1. Fachtagung 2018 v. 25.-28. April 2018 in Ulm

Im Rahmen des Europäischen Kulturerbejahres SHARING HERITAGE 2018 und in Kooperation mit der Landesdenkmalpflege Baden-Württemberg organisiert der VGFA derzeit seine erste Tagung. Der Tagungssaal befindet sich im “Stadthaus” im Zentrum der Stadt Ulm. Das Gesamtprogramm steht Ihnen zum Download zur Verfügung -> VGFA-Tagungsprogramm 2018.

Weitere Informationen zum Verband und aktualisierte Ergänzungen zur diesjährigen Tagung
-> VGFA Tagung 2018.

Diese als internationaler Kongress angelegte Zusammenkunft richtet sich vorwiegend an hauptberufliche Fachleute, wird jedoch stets um öffentliche Veranstaltungen ergänzt, diesmal ein öffentlicher Abendvortrag zur Stadtarchäologie von Ulm.

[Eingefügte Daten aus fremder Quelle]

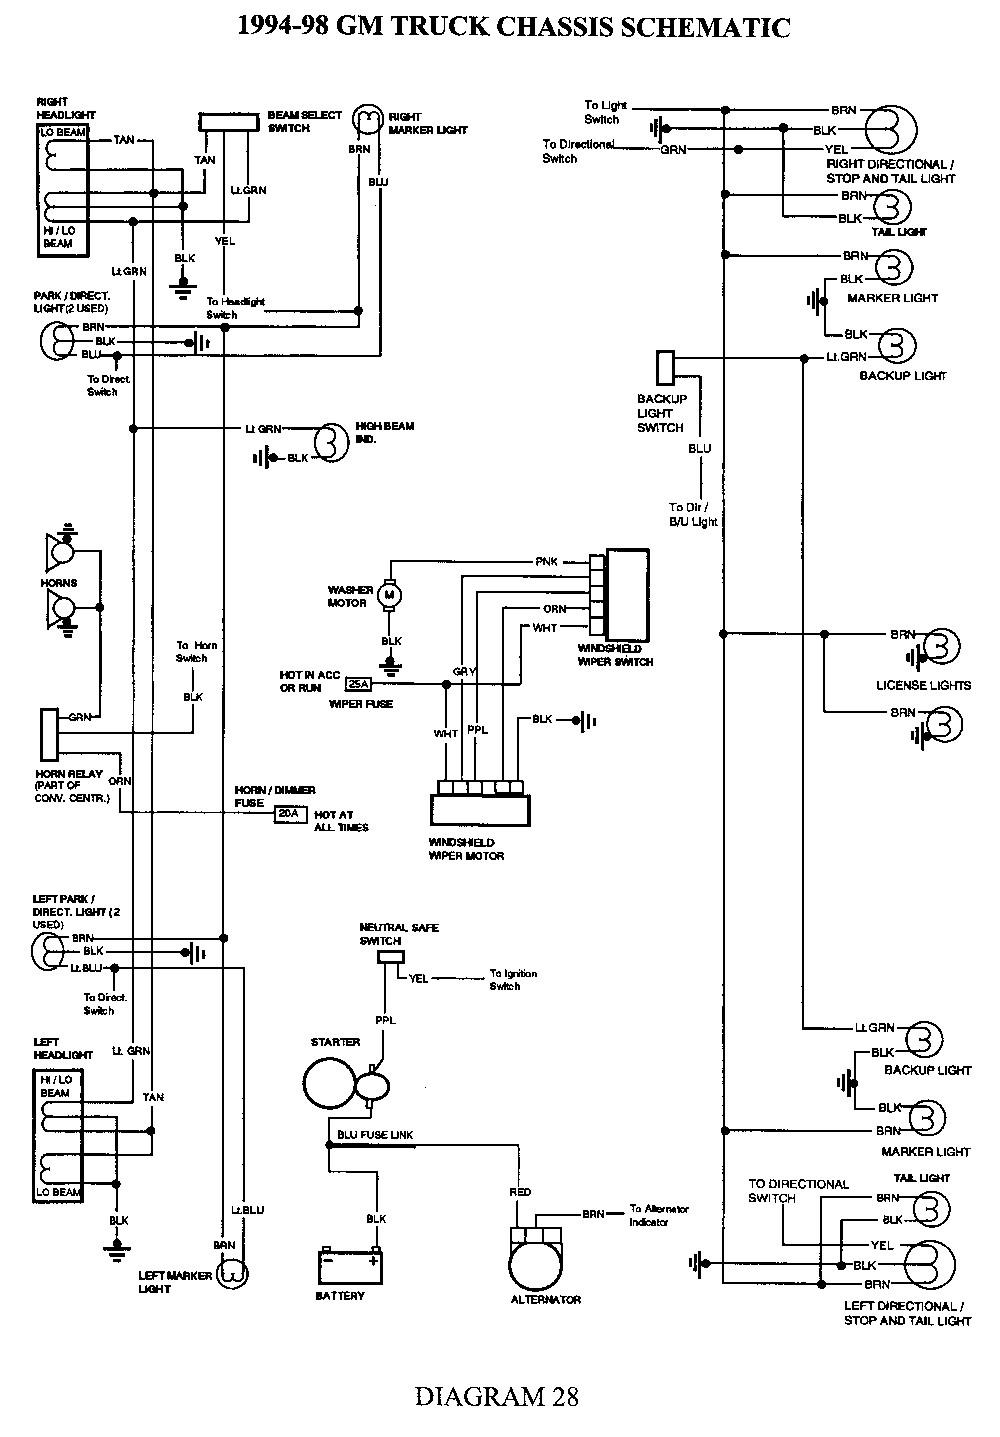 1983 jeep scrambler wiring diagram motorjdi org rh motorjdi org

Öffentlicher Abendvortrag im Rahmen der VGFA-Fachtagung 2018

Ort: Stadthaus Ulm, Münsterplatz 50, 89073 Ulm
Beginn: 19:30 Uhr
Eintritt frei

-> Freitag, 27. April 2018: "Von der frühen Pfalz zur mächtigen Reichsstadt. Ulms Entwicklung aus Sicht der Stadtarchäologie", Dr. Jonathan Scheschkewitz, Landesamt für Denkmalpflege, Esslingen

Aus dem Abstract zum Vortrag: "Ulm ist eine der herausragenden mittelalterlichen Städte Süddeutschlands und deshalb seit über 30 Jahren einer der Schwerpunkte der Mittelalterarchäologie am Landesamt für Denkmalpflege. Eine Vielzahl von Rettungsgrabungen und Baubeobachtungen in der historischen Altstadt erlauben einen immer besseren Einblick in die Entwicklung Ulms von der frühesten Besiedlung im 6./7. Jh. bis in die jüngste Vergangenheit. Das Spektrum der Befunde reicht von eindrucksvollen baulichen Zeugnissen der Vergangenheit bis zu unscheinbaren Erdbefunden, die zusammen erst die Basis für die wissenschaftliche Bewertung liefern. Diesem beständigen Erkenntnisgewinn steht ein zunehmender Verlust an archäologischer Denkmalsubstanz gegenüber, dem die Denkmalpflege versucht, Rechnung zu tragen. So haben in Ulm mittlerweile die große Anzahl der Grabungen ihre Spuren im Stadtbild hinterlassen."